The Man in the High Castle

We can only control the end by making a choice at each step…. On some other world, possibly it is different. Better. There are clear good and evil alternatives. Not these obscure admixtures, these blends, with no proper tool by which to untangle the components.

The words above went through the mind of a character near the end of Philip K. Dick’s alternative history novel, The Man in the High Castle, which served as the loose foundation for an Amazon Studios series with the same name. I recently binge-watched Seasons One and Two of the series and then read the book. I look forward to Season Three when it is available but feel compelled to write about High Castle now (without spoilers) because its message is important now.

the-man-in-the-high-castleAlthough the book and cable series are quite different, they share a premise as well as a basic message. The plot takes place in 1962, the year after Dick completed the book. He was fascinated by the idea of alternative realities, and most of the book and series unfolds in a reality in which the Axis defeated the Allies and won World War Two. Most of the United States is under Nazi control, with the West Coast ruled by Japan and the Rocky Mountain area a sort of no-man’s land.
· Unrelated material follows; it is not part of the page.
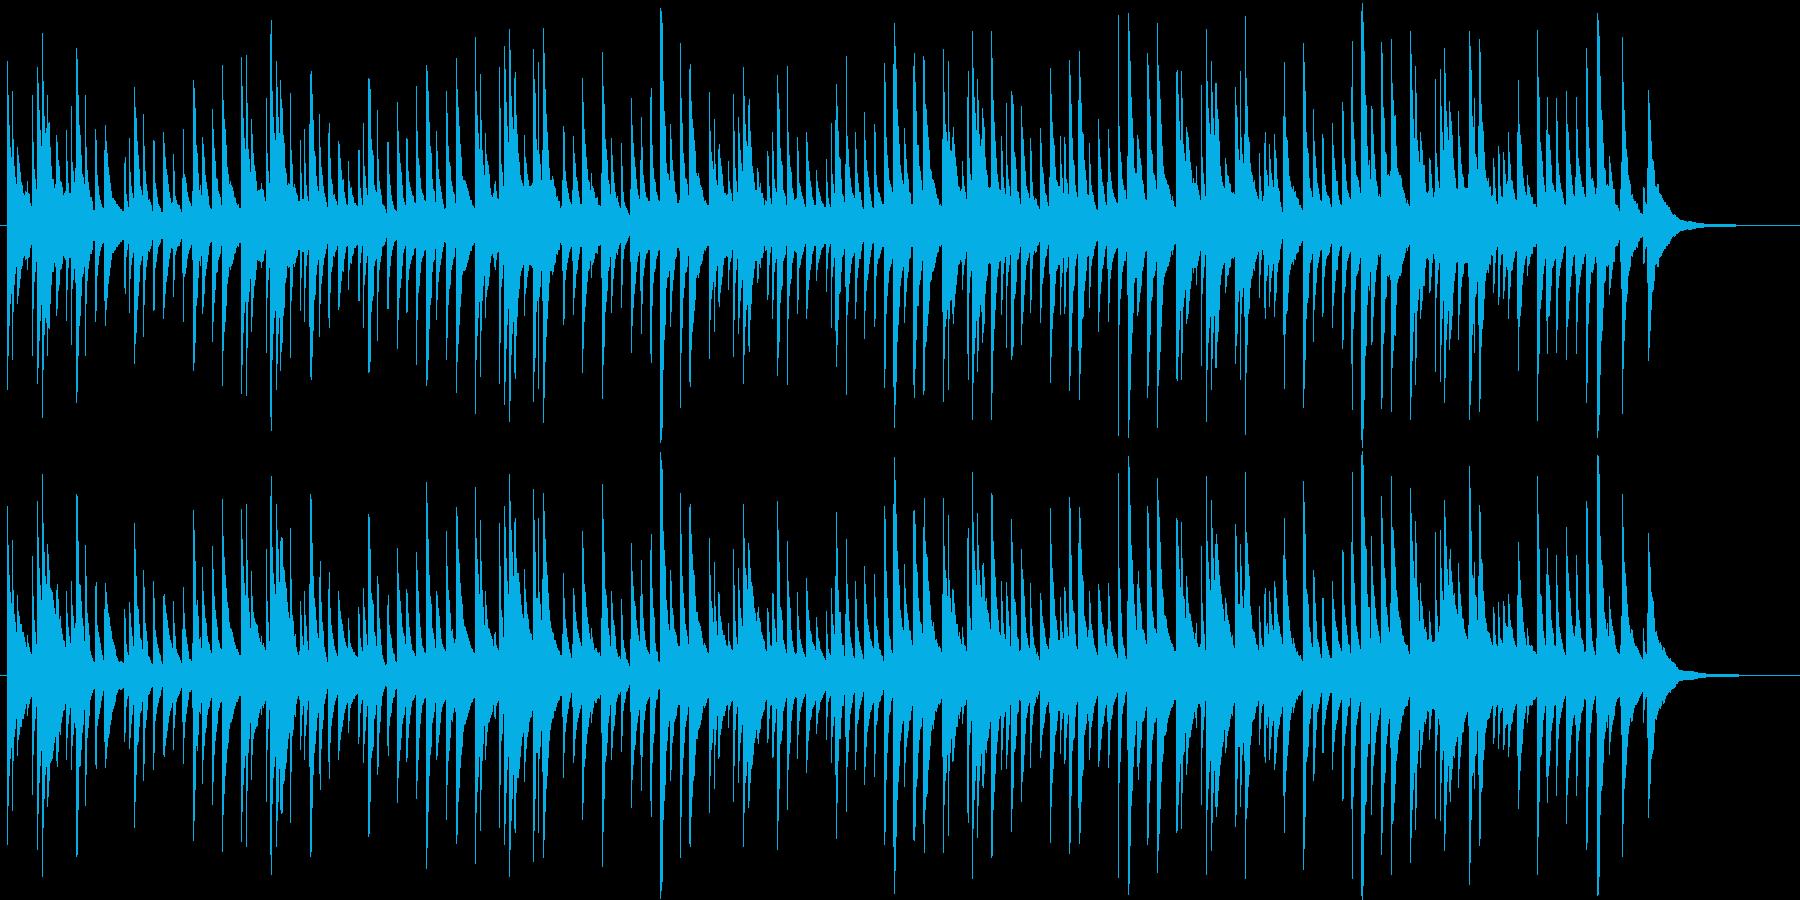 有名クリスマス曲・オルゴールアレンジの再生済みの波形
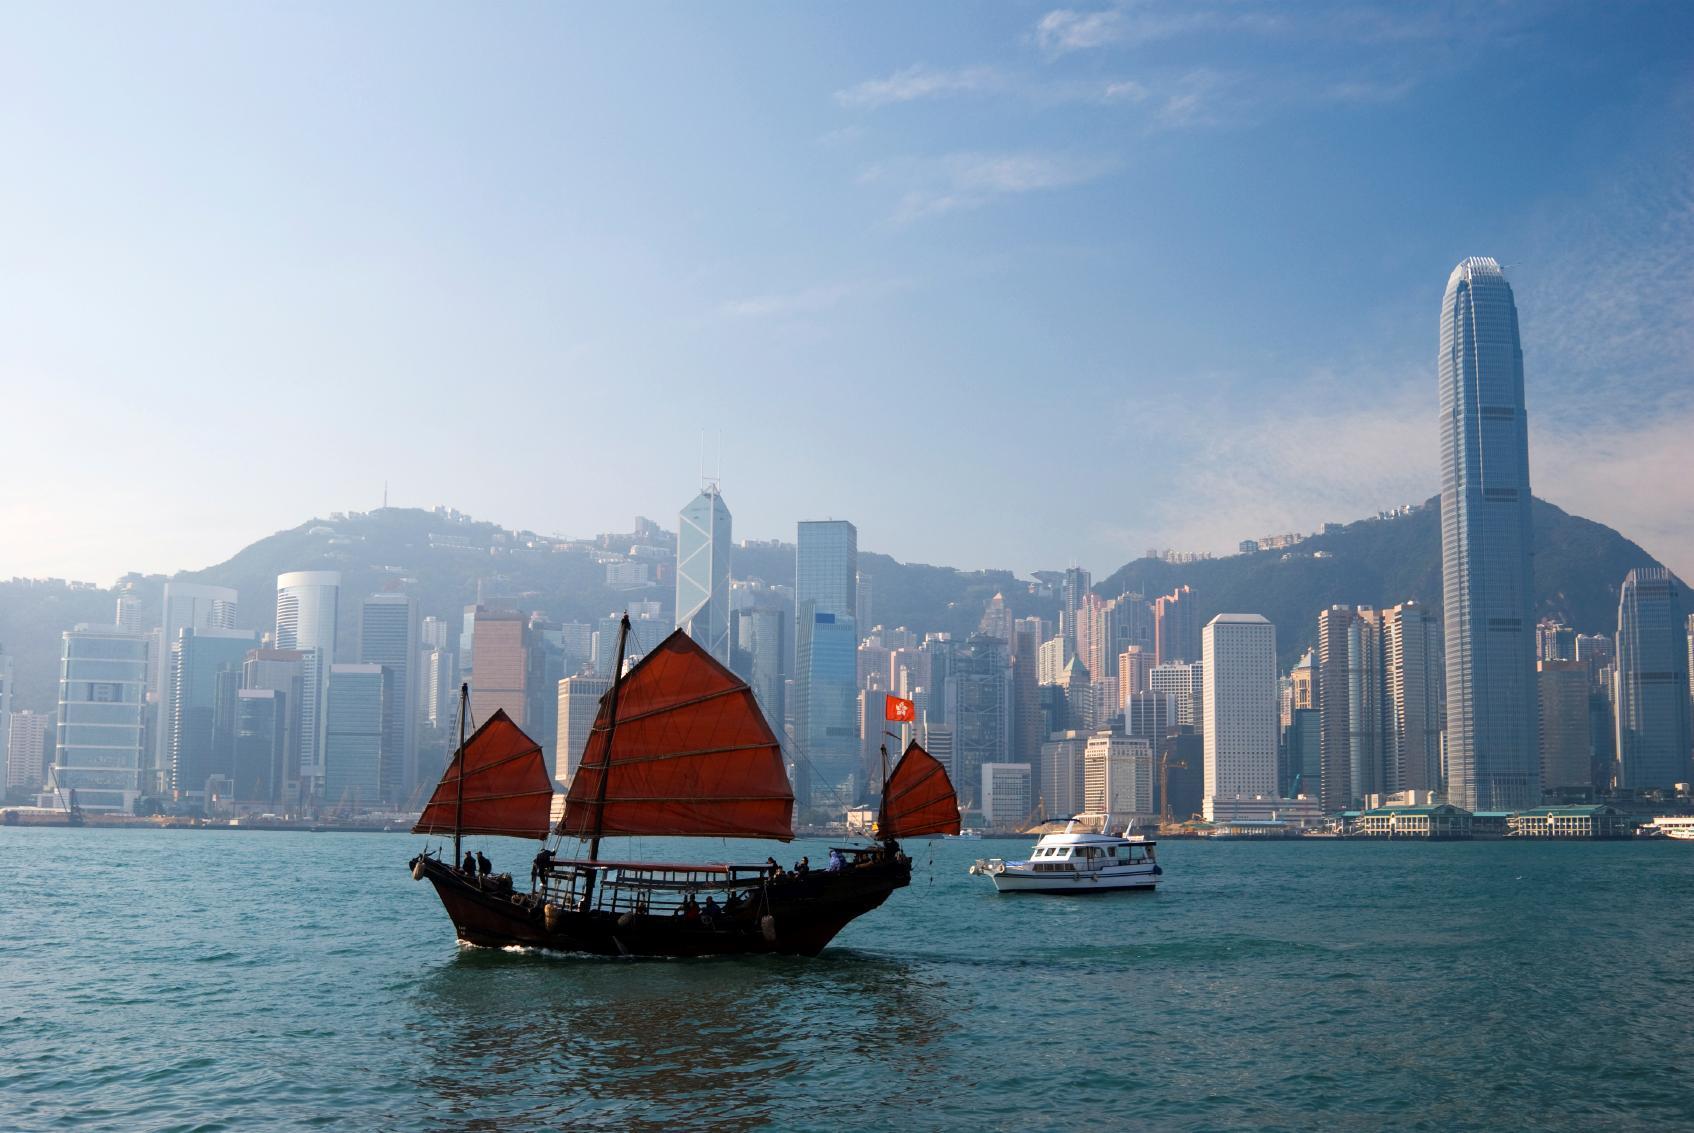 Hong Kong HD Wallpapers Backgrounds Wallpaper

After 15 years of being an occupied people, Americans go along to get along. In the cable series, only a small but dedicated resistance has a hope of changing things. In the book, a novel about an alternative reality stirs the pot. But no one is pure — pure good or pure evil. Everyone is the product of his or her environment and trying to make the best choices. Even those who believe another reality is possible can’t know for sure what actions will lead to that better reality.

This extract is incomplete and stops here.